Auditors are starting to ask for a justification for the number of lots used in the PQ. What they are really asking is how do you know three lots are enough? Does anyone know of a methodology to determine how many lots must be run such as in a PQ?
Do CGMPs require three successful process validation batches before a new active pharmaceutical ingredient (API) or a finished drug product is released for distribution?
No. Neither the CGMP regulations nor FDA policy specifies a minimum number of batches to validate a manufacturing process. The current industry guidance on APIs (see ICH Q7A2 for APIs) also does not specify a specific number of batches for process validation.
FDA recognizes that validating a manufacturing process, or a change to a process, cannot be reduced to so simplistic a formula as the completion of three successful full scale batches. The agency acknowledges that the idea of three validation batches has become prevalent, in part due to language in its own guidance documents. However, FDA is now clarifying current expectations on process validation. The 1987 Guideline of General Principles of Process Validation is currently being revised to address this issue. The emphasis for demonstrating validated processes is placed on the manufacturer’s process design and development studies in addition to its demonstration of reproducibility at scale, a goal that has always been expected.

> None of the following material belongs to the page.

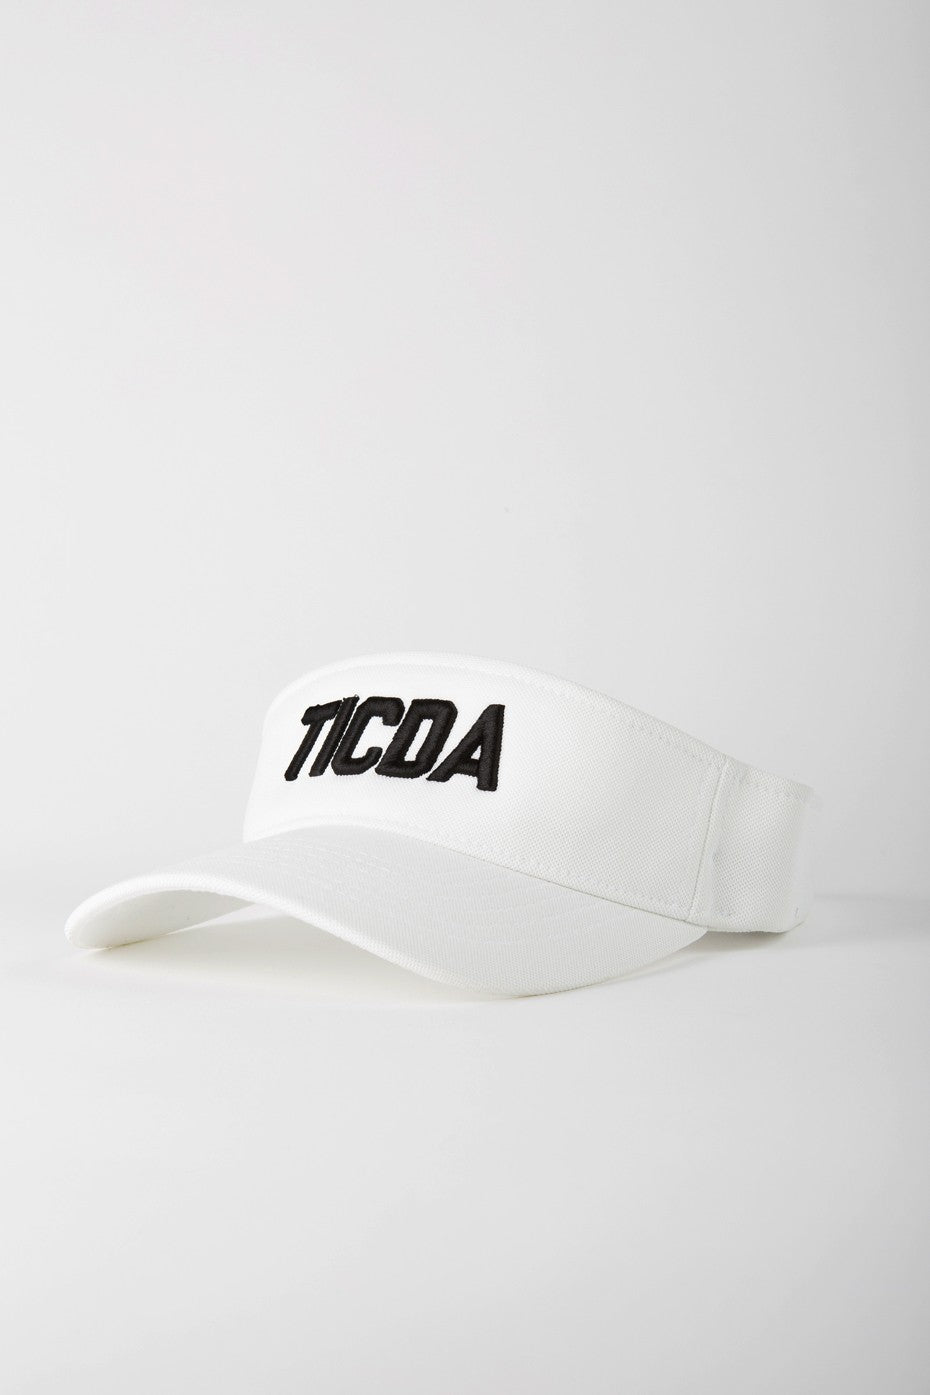 CXDa Fashion Summer Outdoor Sports Sun Protection Cap Unisex Clear Plastic  Visor Hat

However, a minimum number of conformance (a.k.a. validation) batches necessary to validate the manufacturing processes is not specified. The manufacturer is expected to have a sound rationale for its choices in this regard. The agency encourages the use of science based approaches to process validation.
In March 2004, FDA revised the Compliance Policy Guide (CPG) (Sec. 490.100) on Process Validation Requirements for Drug Products and Active Pharmaceutical Ingredients Subject to Pre-Market Approval3. The CPG describes the concept that, after having identified and establishing control of all critical sources of variability, conformance batches are prepared to demonstrate that under normal conditions and operating parameters, the process results in the production of acceptable product. Successful completion of the initial conformance batches would normally be expected before commercial distribution begins, but some possible exceptions are described in the CPG. For example, although the CPG does not specifically mention concurrent validation for an API in short supply, the agency would consider the use of concurrent validation when it is necessary to address a true short-supply situation, and if the concurrent validation study conforms to the conditions identified in the CPG (See paragraph 4. a-c).

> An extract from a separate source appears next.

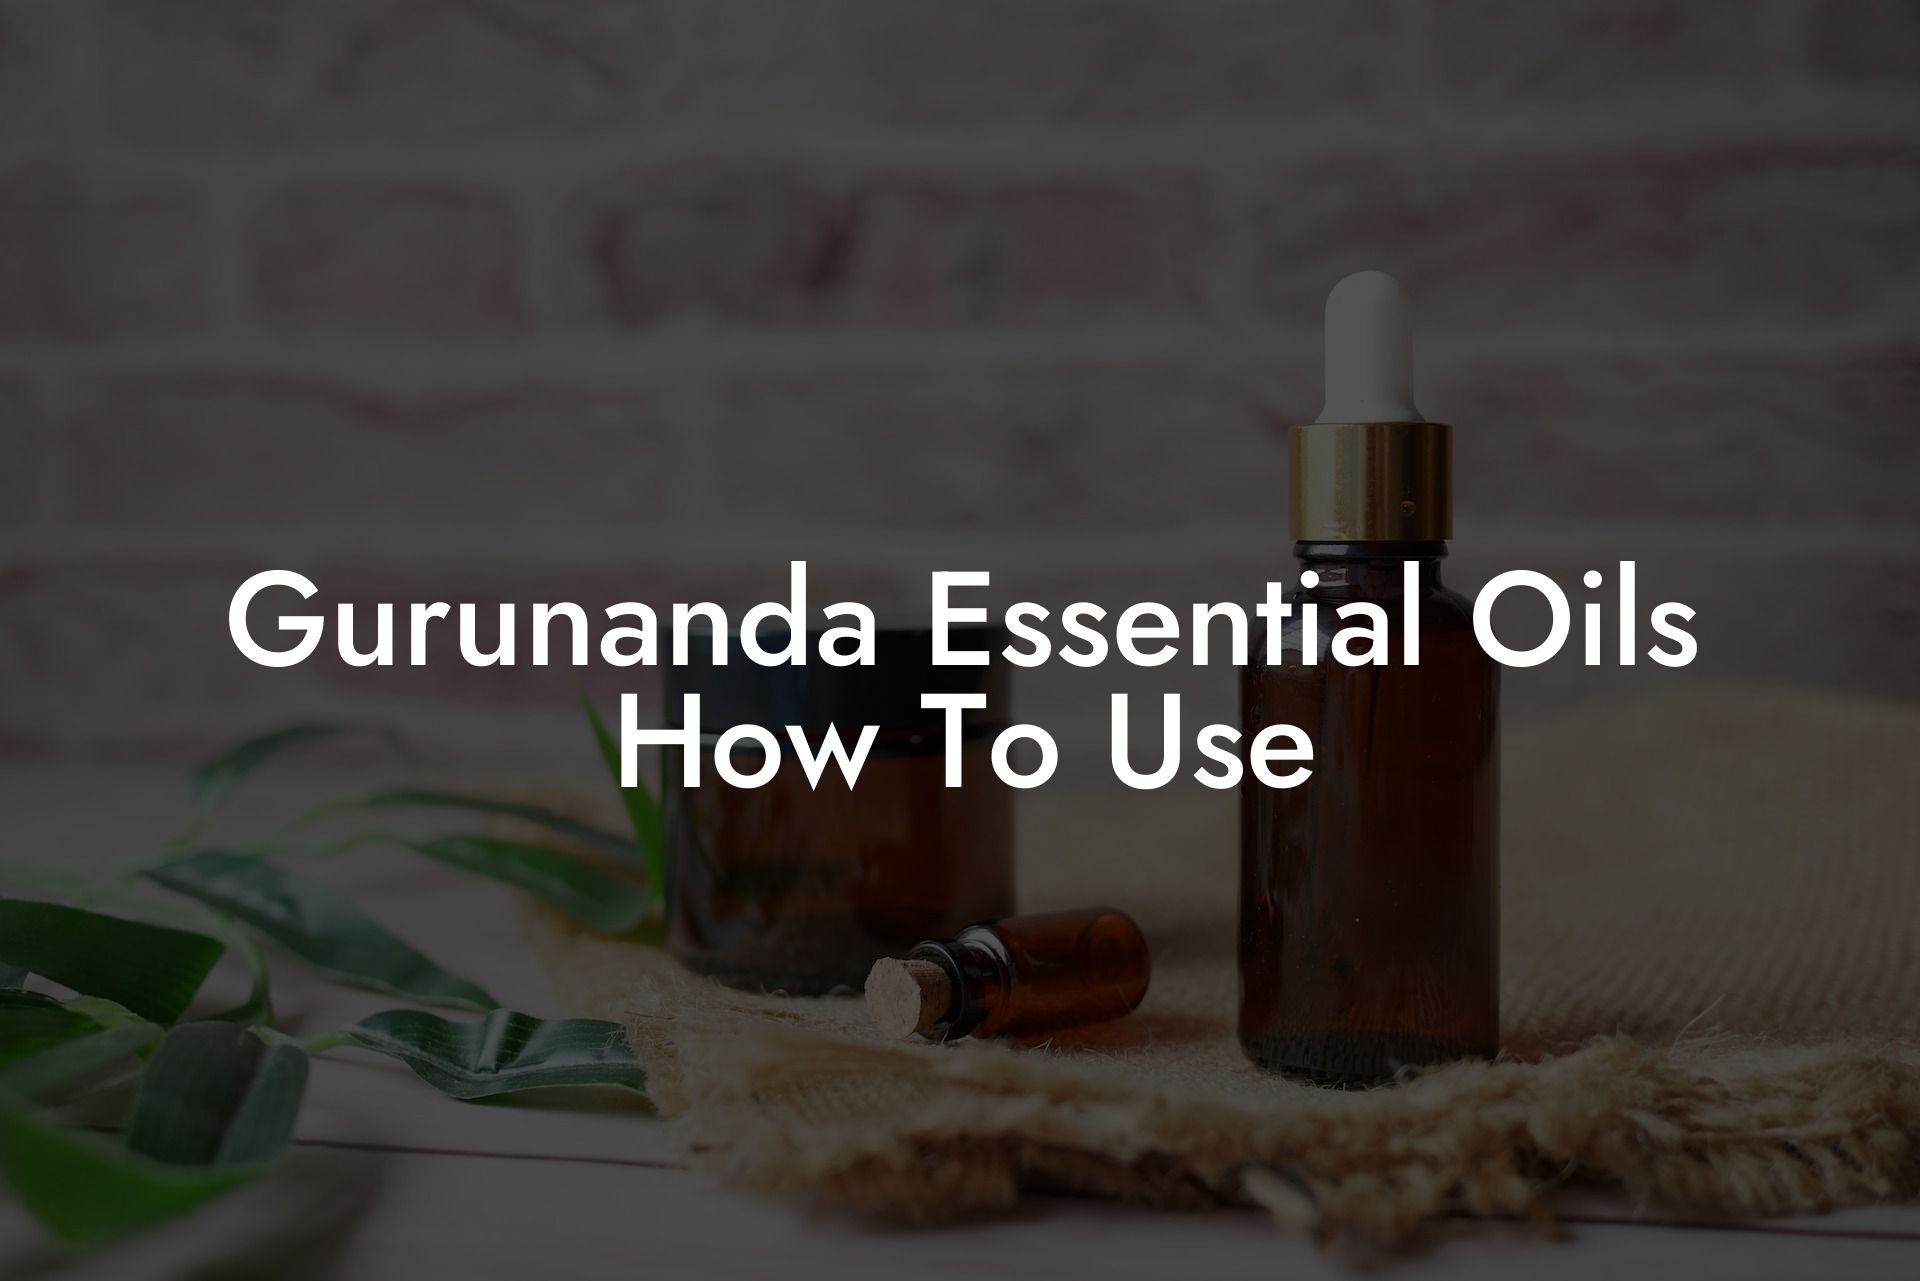 Gurunanda Essential Oils How To Use

The conditions outlined in the CPG include expanded testing for each batch intended to address a short-supply situation. Expanded testing, conducted according to an established validation protocol could provide added assurance that the batch meets all established and appropriate criteria before the API is used in the finished drug product. Additionally, confidence in the API manufacturing process may be gained by enhanced sampling (larger sample size representative of batch) and perhaps the testing of additional attributes. Validated analytical methods are needed for testing every batch, including validation batches. The agency would also expect the manufacturer to use a validation protocol which includes a review and final report after multiple batches are completed, even though the earlier batches may have been distributed or used in the finished drug product.
References:
21 CFR 211.1004: Written procedures; deviations
21 CFR 211.1105: Sampling and testing of in-process materials and drug products
CPG 490.1006 Process Validation Requirements for Drug Products and Active Pharmaceutical Ingredients Subject to Pre-Market Approval.

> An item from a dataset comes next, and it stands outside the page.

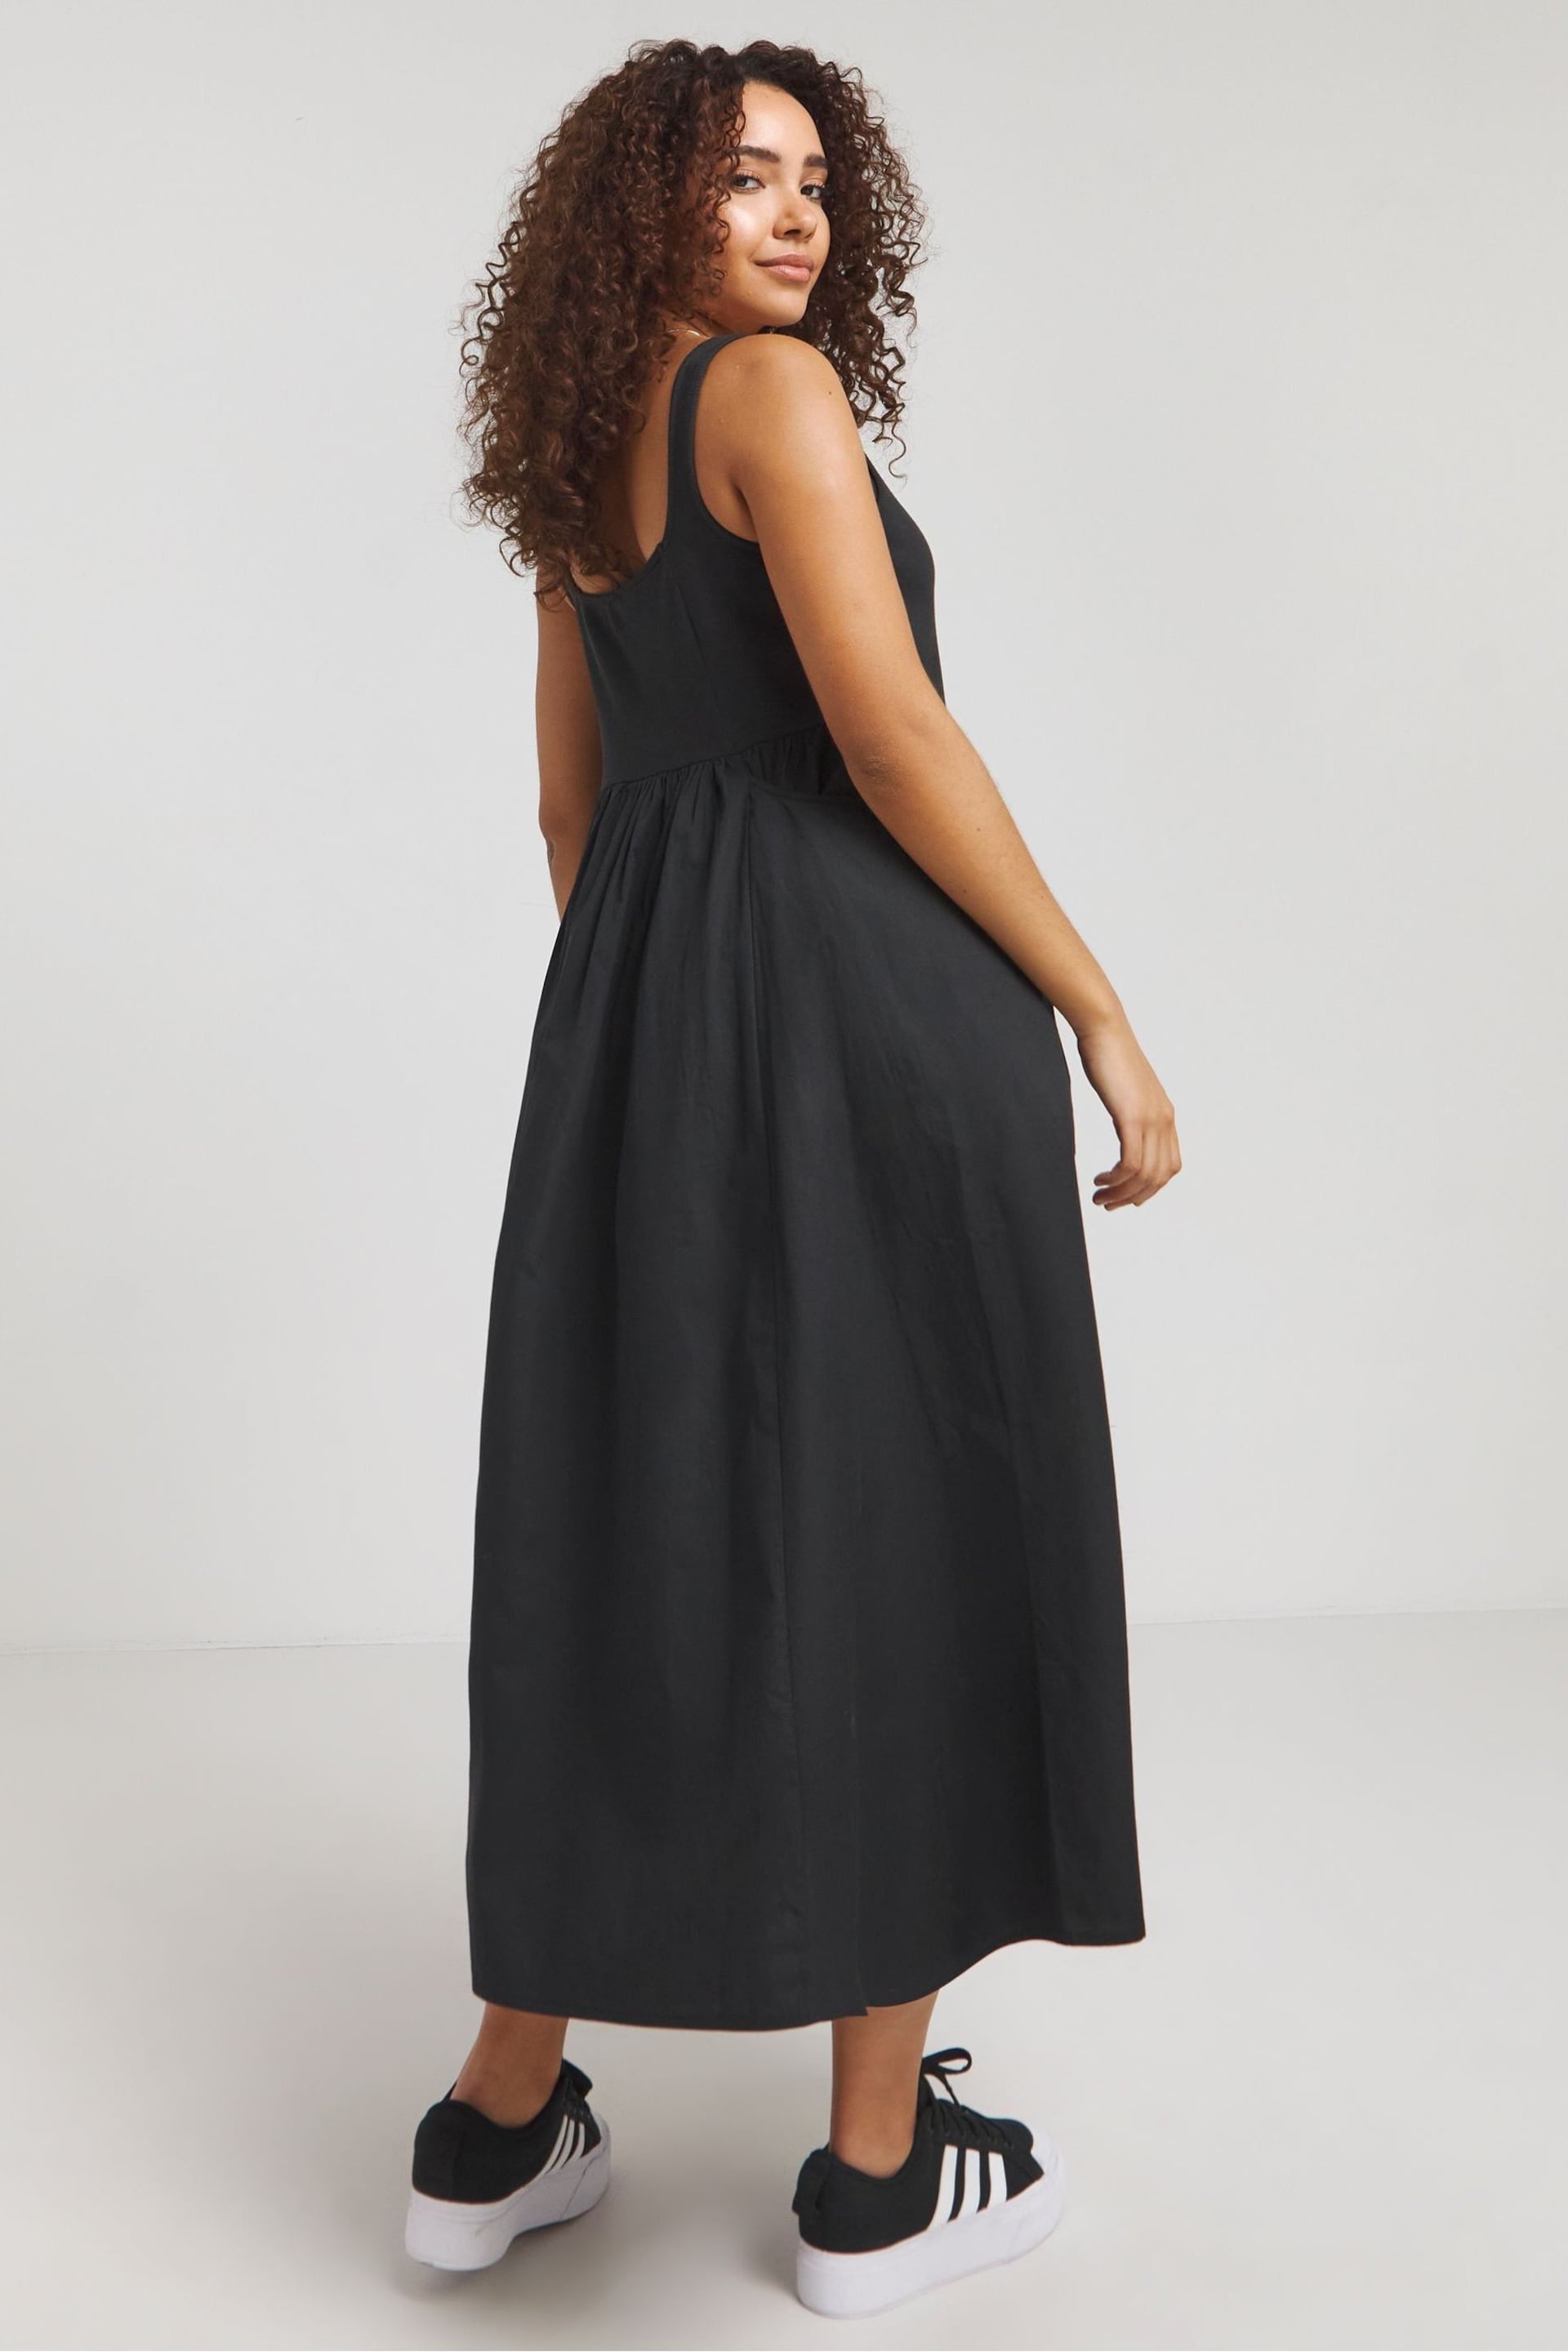 Simply Be Black Jersey Poplin Mix Apron Dress - Image 3 of 4

ICH Q7A7 Good Manufacturing Practice Guidance for Active Pharmaceutical Ingredients
I am in medical device. I was hoping someone may have a suggestion on what approach to take to answer this question. One might suggest an f-test to show variability between lots is not different or some other method. Whenever I think of trying to come up with a scheme it seems impractical and overburdensome. If capability is demonstrated with each lot and is above a given threshold value I would think this would show stability in the process and therefore 3 would be sufficient. Any other thoughts?
Hi Bruce,
I Do agree with your approach, The Lot selection in PQ must be based on scientific rational & risk assessment for criticallity of process. There is no as such taylor made no. to PQ lots. One thing should be considered as The objective of PQ should be demonstarted in compliance with selected no. of lots.